"""
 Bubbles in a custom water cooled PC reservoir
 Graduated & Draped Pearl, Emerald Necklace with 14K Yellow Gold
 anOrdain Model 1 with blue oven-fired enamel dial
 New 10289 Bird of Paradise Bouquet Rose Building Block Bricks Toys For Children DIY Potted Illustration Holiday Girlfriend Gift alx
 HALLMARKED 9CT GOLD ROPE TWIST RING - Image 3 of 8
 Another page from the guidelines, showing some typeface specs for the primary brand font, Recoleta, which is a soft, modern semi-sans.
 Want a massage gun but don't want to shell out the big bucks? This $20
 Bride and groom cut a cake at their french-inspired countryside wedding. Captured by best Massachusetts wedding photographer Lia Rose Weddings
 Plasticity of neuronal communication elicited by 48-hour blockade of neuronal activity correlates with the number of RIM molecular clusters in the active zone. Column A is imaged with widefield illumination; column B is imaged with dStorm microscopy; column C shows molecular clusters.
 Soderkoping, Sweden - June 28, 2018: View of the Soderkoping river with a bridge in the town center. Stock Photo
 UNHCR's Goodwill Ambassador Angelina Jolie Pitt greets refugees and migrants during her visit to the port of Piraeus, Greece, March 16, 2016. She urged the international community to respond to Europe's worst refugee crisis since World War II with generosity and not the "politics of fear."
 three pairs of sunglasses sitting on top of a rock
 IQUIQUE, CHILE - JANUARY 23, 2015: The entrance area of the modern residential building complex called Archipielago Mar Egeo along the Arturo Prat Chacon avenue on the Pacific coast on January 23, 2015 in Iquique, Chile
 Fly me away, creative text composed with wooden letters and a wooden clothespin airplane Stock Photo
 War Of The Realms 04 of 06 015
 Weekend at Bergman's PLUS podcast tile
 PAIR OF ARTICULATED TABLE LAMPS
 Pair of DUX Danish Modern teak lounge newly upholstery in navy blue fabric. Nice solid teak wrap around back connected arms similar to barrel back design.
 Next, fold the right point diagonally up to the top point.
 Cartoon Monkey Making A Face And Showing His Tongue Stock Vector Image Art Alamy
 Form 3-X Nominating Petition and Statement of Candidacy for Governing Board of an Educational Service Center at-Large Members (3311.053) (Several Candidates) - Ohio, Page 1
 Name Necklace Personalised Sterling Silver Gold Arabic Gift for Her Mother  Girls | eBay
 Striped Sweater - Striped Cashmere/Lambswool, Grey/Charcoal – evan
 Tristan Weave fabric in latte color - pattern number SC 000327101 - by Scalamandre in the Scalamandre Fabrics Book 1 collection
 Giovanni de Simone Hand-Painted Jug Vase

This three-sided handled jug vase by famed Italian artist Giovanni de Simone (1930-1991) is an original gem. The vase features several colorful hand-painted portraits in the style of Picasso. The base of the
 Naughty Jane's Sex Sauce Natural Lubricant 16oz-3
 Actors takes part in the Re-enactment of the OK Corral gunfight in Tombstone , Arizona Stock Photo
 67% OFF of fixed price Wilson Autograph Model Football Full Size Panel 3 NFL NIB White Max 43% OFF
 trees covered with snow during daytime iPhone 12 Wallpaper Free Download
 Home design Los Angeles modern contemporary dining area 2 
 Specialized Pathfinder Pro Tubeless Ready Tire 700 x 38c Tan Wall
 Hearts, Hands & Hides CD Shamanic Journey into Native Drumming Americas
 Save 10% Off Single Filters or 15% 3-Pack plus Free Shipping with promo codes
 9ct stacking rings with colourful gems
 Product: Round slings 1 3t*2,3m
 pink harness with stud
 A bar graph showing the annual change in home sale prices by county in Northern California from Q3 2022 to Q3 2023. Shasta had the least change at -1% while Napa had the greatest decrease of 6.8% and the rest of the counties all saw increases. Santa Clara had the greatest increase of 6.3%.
"""
Action item
When you reach the line with "HALLMARKED 9CT GOLD" in the records above, start writing out lines exactly, and stop once the line with "Soderkoping, Sweden - June" has been written; include nothing else.

Solution
 HALLMARKED 9CT GOLD ROPE TWIST RING - Image 3 of 8
 Another page from the guidelines, showing some typeface specs for the primary brand font, Recoleta, which is a soft, modern semi-sans.
 Want a massage gun but don't want to shell out the big bucks? This $20
 Bride and groom cut a cake at their french-inspired countryside wedding. Captured by best Massachusetts wedding photographer Lia Rose Weddings
 Plasticity of neuronal communication elicited by 48-hour blockade of neuronal activity correlates with the number of RIM molecular clusters in the active zone. Column A is imaged with widefield illumination; column B is imaged with dStorm microscopy; column C shows molecular clusters.
 Soderkoping, Sweden - June 28, 2018: View of the Soderkoping river with a bridge in the town center. Stock Photo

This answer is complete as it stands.